The ionic loss of the AEMs was calculated by comparing the integral of the (protonated) amine signals around 9 ppm, originating from the degradation of piperidinium, with the intensity of all the aromatic signals (7–8 ppm), which remained unaffected by the alkaline treatment. The results are summarized in Table 3 and revealed that PpTDMP was the most stable AEM in the present study, with a mere 14% ionic loss, after storage in 5 M NaOH at 90 °C for 20 days. Under the same conditions, the reference samples PTPipQ83 and PTPipQ100 showed an ionic loss of 52 and 42%, respectively, which was significantly higher than that of PpTDMP. Moreover, in PpTDMP half of the degradation occurred via Hofmann elimination, accounting for 7% ionic loss. In comparison, Hofmann elimination was the primary pathway in the benchmark AEM, corresponding to 42% ionic loss for PTPipQ83 (out of a total 52% ionic loss). The most possible reason for the superior alkaline stability of the present AEMs lies in the more favorable cationic arrangement. First of all, the piperidinium rings are attached in the 4-position. This greatly enhances the alkaline stability of the cation,⁵² in comparison to corresponding piperidinium rings tethered at the 1(N)-position.⁵⁵ Furthermore, the ring strain imposed by the rigid polymer chain are alleviated in, e.g., PpTDMP, as opposed to the benchmark PTPipQ100 where the cations are directly incorporated in the backbone. In PpTDMP, the piperidinium rings are separated from the backbone, which significantly facilitates the ring relaxation to impede ionic loss. This was supported by the reduced ionic loss via Hofmann elimination, in comparison to the PAP benchmark materials. Electron-withdrawing substituents located in the vicinity of cations usually decrease their alkaline stability.⁵⁹ However, in the present case the quite strongly electron-withdrawing trifluoromethyl group seemed to be distant enough from the piperidinium ring in the polymer structure not to deteriorate its alkaline stability.

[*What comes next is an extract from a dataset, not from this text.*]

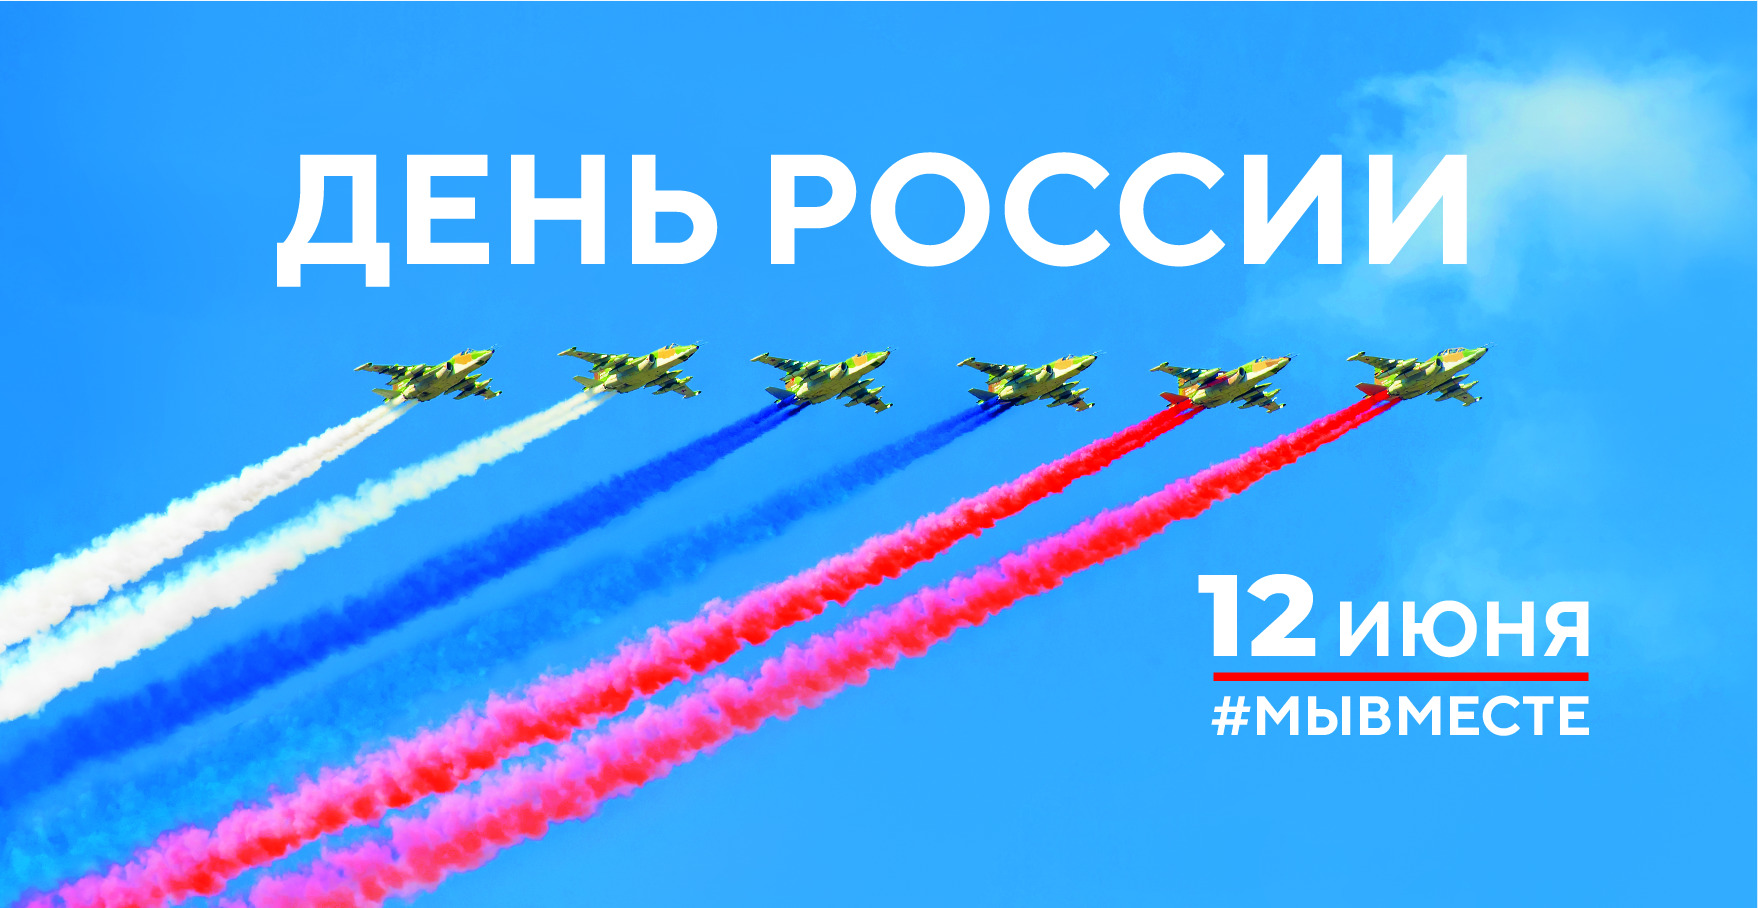 Сегодня День России!

Table 3 Ionic loss of the AEMs obtained by ¹H NMR analysis after storage in 5 M aq. NaOH at 90 °C for 20 days

AEM	Ionic loss (%)
	Total	By Hofmann elimination
PpTDMP	14	7
PpTASU	41	12 + 17 (outer + inner ring)
PmTDMP	18	10
PmTASU	39	14 + 21 (outer + inner ring)
PTPipQ83	52	42
PTPipQ100	42	35

---

Experimental

Materials

The following chemicals were purchased from Sigma-Aldrich: p-terphenyl (99%), 1,1,1-trifluoroacetic acid (TFA, 99%), N,N-diisopropylethylamine (DIPEA, ≥99%), NaNO₃ (99%), AgNO₃ (99%), 1,5-dibromopentane (97%), chloroform-d (99.8 at% D), dimethyl sulfoxide (DMSO, reagent grade), DMSO-d₆ (99.96 at% D), K₂CO₃ (99%), N-methyl-2-pyrrolidone (NMP, reagent grade), triflic acid (TFSA, 99%), pyridine (≥99%, reagent grade), trifluoroacetic anhydride (TFAA, ≥99%), methyl iodide (MeI, 98%, stabilized), isonipecotic acid (97%), ethyl acetate (EtOAc, ≥99.5%). Diethyl ether (Et₂O, reagent grade), isopropanol (IPA, reagent grade), NaOH (99%, pellets), toluene (99.5%, reagent grade), Na₂CO₃ (99%) and NaBr (99%) were obtained from VWR. Biphenyl (Acros, 99%), HCl (ThermoFischer, 37%), m-terphenyl (Alfa Aesar), acetonitrile (HPLC grade, Fisher scientific), 9,9-dimethyl-9H-fluorene (Ambeed) and all the chemicals listed above were used as received. Dichloromethane (DCM) used in the polymerizations was collected from MBraun dry solvent dispenser system MB-SPS 800.

Polymer synthesis

Synthesis of monomer TFPip. The ketone monomer 2,2,2-trifluoro-1-(4-piperidine)ethanone (TFPip) in the hydrochloric salt form was synthesized in two steps as presented in Fig. 1. Isonipecotic acid (13 g, 100 mmol, 1 equiv.) was dissolved in toluene (40 mL) in a 250 mL three-neck round bottom flask, and TFAA (78 mL, 561 mmol, 5.58 equiv.) was slowly added while stirring. The reaction mixture was cooled to 0 °C using an ice bath. Next, pyridine (65 mL, 807 mmol, 8.02 equiv.) was added dropwise. After the addition was completed, the temperature was increased to 50 °C, and the reaction was allowed to proceed for 48 h under nitrogen atmosphere. The reaction solution was then cooled to 0 °C, and deionized water (143 mL) was added dropwise before raising the temperature to 45 °C for 2 h. After the solution separated into layers, it was extracted with ethyl acetate (EtOAc, 4 × 125 mL). The organic phase was washed with deionized water (200 mL), saturated Na₂CO₃ (200 mL), and a saturated NaCl (200 mL) solution, before drying with Na₂SO₄. Following removal of the solvent using a rotary evaporator, the pure product was separated by dry column vacuum chromatography (DCVC) using EtOAc : heptane (0 : 100 to 55 : 45) as eluent. The still impure product was added to a 100 mL round bottom flask filled with concentrated HCl (50 mL) and deionized water (150 mL) and heated to 100 °C and left stirring overnight. The solution was cooled to room temperature, and the solvent was evaporated to obtain a dark solid, which was recrystallized from acetonitrile to gain the final product as a light tan crystal. This gave 25.2 g product at a total isolated yield of 58%.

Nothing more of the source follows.